The new programs will comprise sequences of online courses taught by USC faculty through the Times Company’s online learning platform. While the programs will not count toward any degree, they represent the media company’s first foray into multicourse online sequences intended to confer a coherent body of knowledge. And that is yet another step toward full-fledged degree programs, which are coming, according to Felice Nudelman, the company’s executive director of education.
The Times Company, which has seen its annual revenues fall by about 30 percent in the last five years, has waded into the waters of higher education more deliberately than some of its peers—most notably the Washington Post Company, which now pays for its journalism operations largely off the back of Kaplan Inc., one of the country’s largest degree-granting enterprises.
To the extent that credentials are what many online learners want for their money, the Times Company’s new collaboration with USC represents a step backward from the certificate programs it is undertaking with institutions such as Fairleigh Dickinson University and Ball State University.

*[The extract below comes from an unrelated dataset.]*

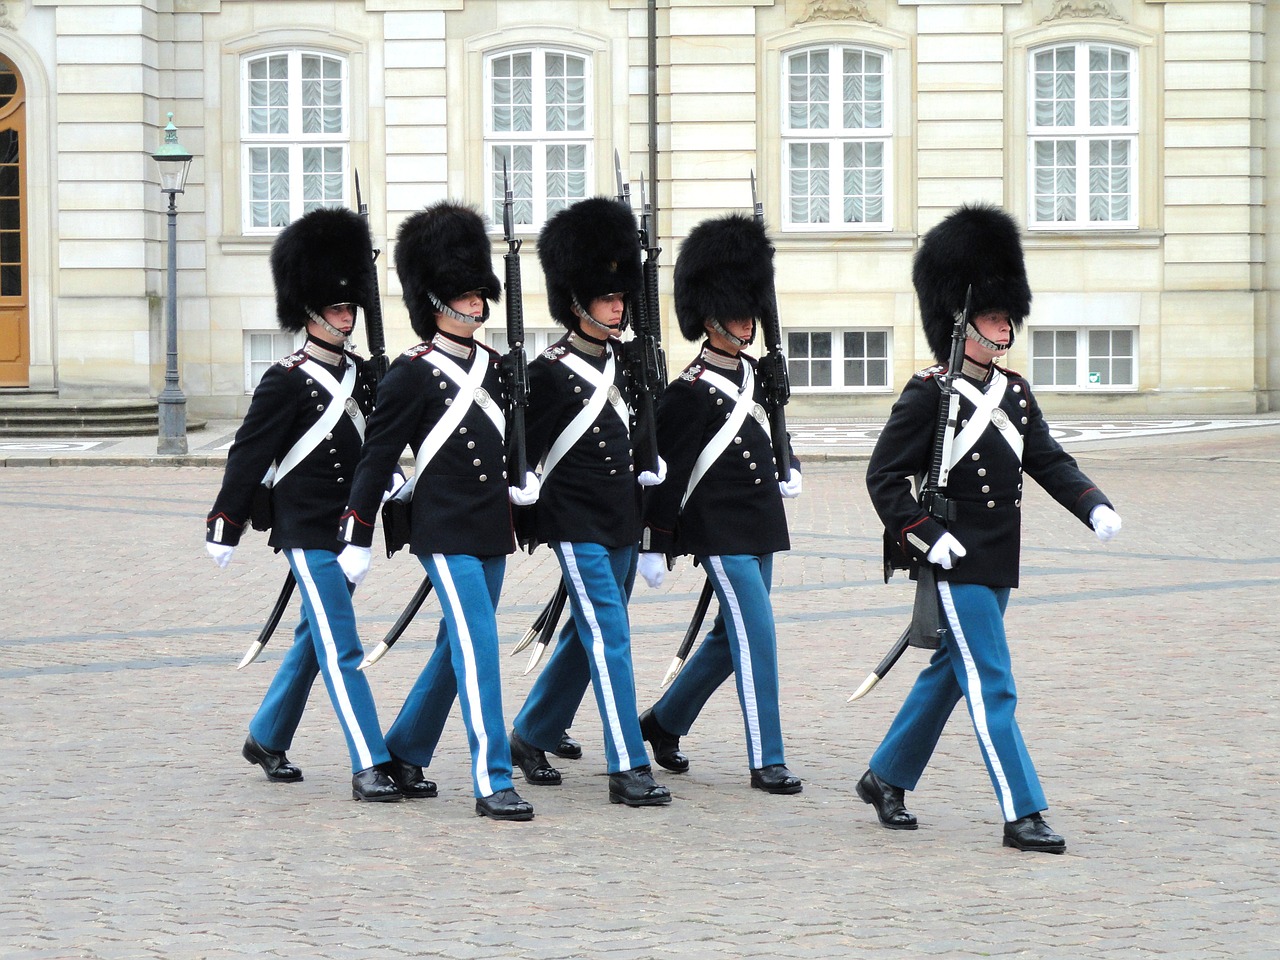 Apsaugai, Amalienborg, Rūmai, Kopenhaga, Denmark, Liemenos Skrybėlės, Kareiviai, Karališkasis, Saugumas, Tradicija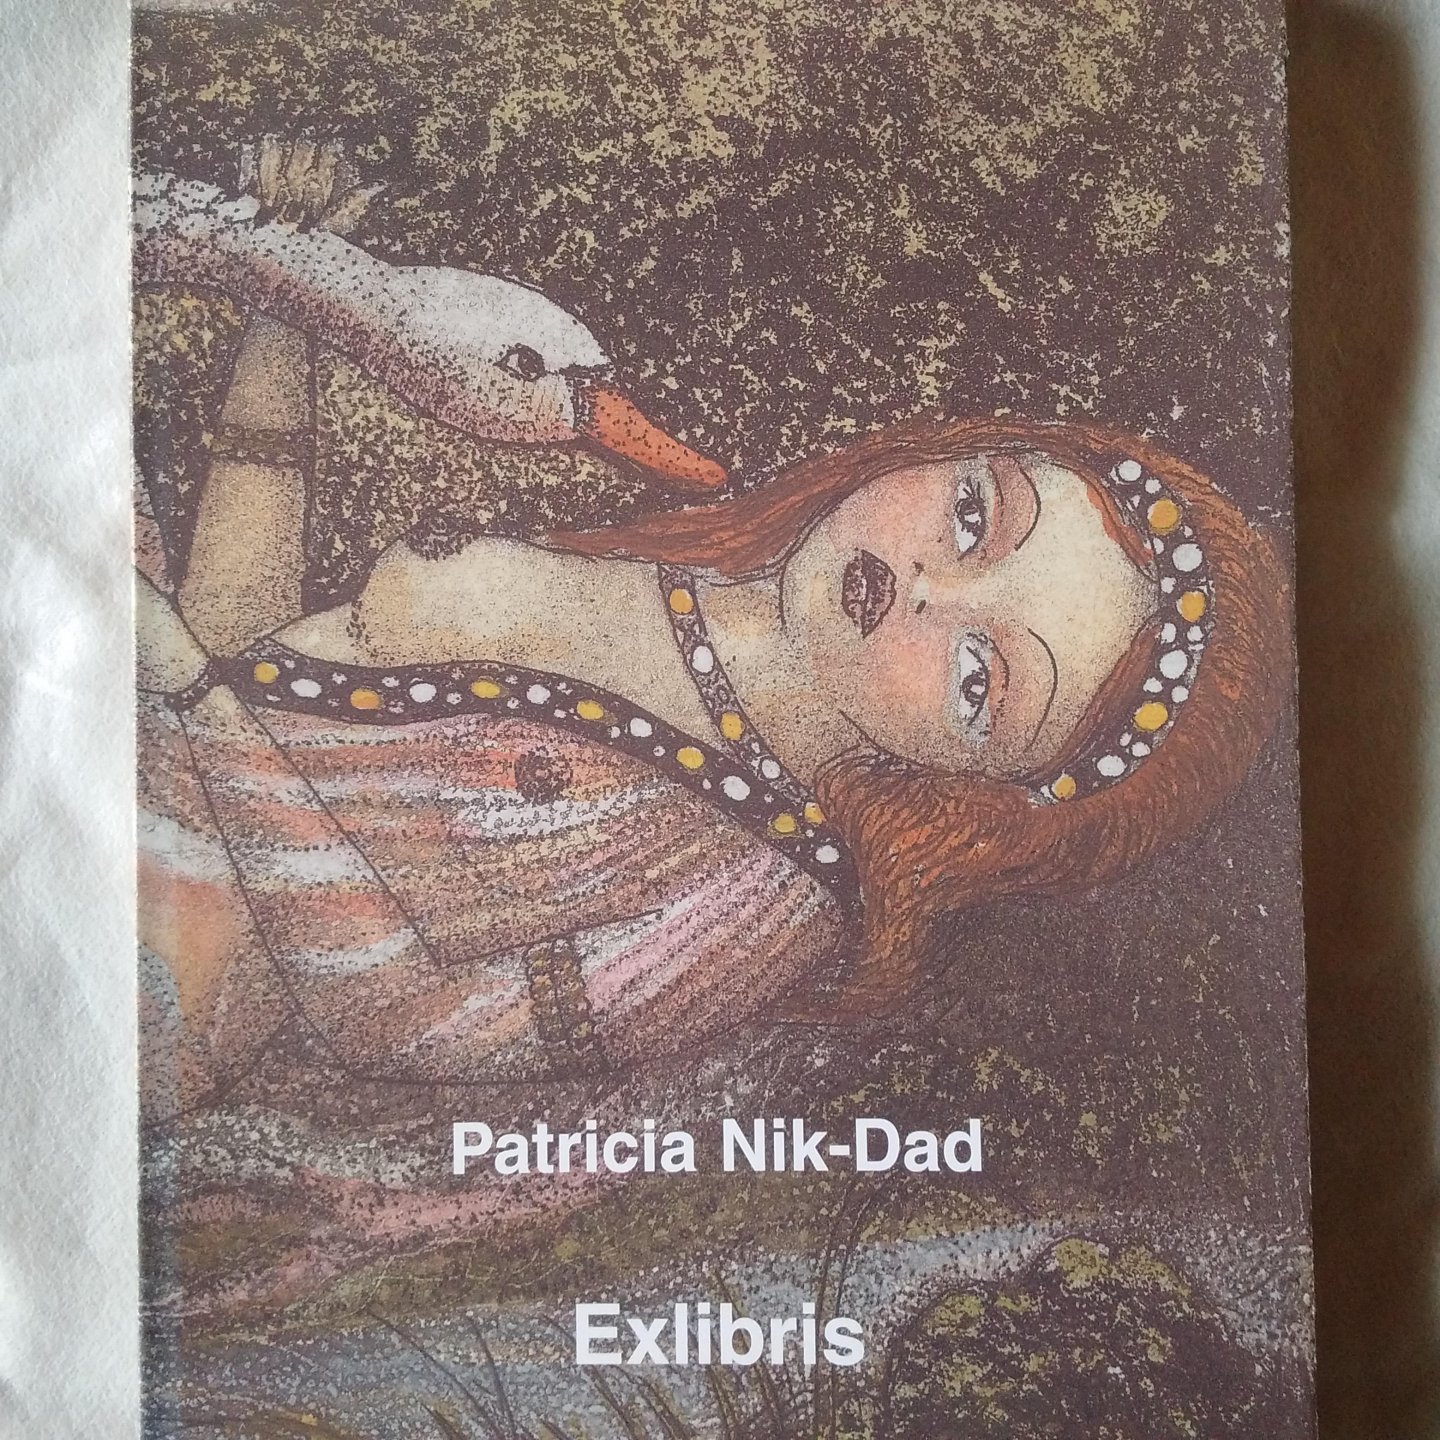 Briele, Luc van den - Patricia Nik-Dad Exlibris

But Nudelman says the Times believes there is also a market for lifelong learners who are willing to pay to learn for learning’s sake. USC already runs face-to-face, noncredit continuing education courses that it says are profitable. The idea would be for the Times Company to help USC increase the scale of those programs by offering them online, while bolstering them by letting instructors draw on the New York Timesarchive and occasionally tap Times journalists for guest lectures.
There will be seven programs and 40 courses total in the NYT/USC partnership. The programs are in architecture, arts and culture, cinematic arts, global health, American politics, business and leadership, and executive education in business. There will also be a program in journalism aimed at high school students. But for the most part, the programs are tailored toward students “probably in their mid-20s through late 50s,” says Eileen Kohan, executive director of continuing education at USC. The length and price vary by course, but most last about four weeks and cost between $195 and $275, she says. Courses commence October 13.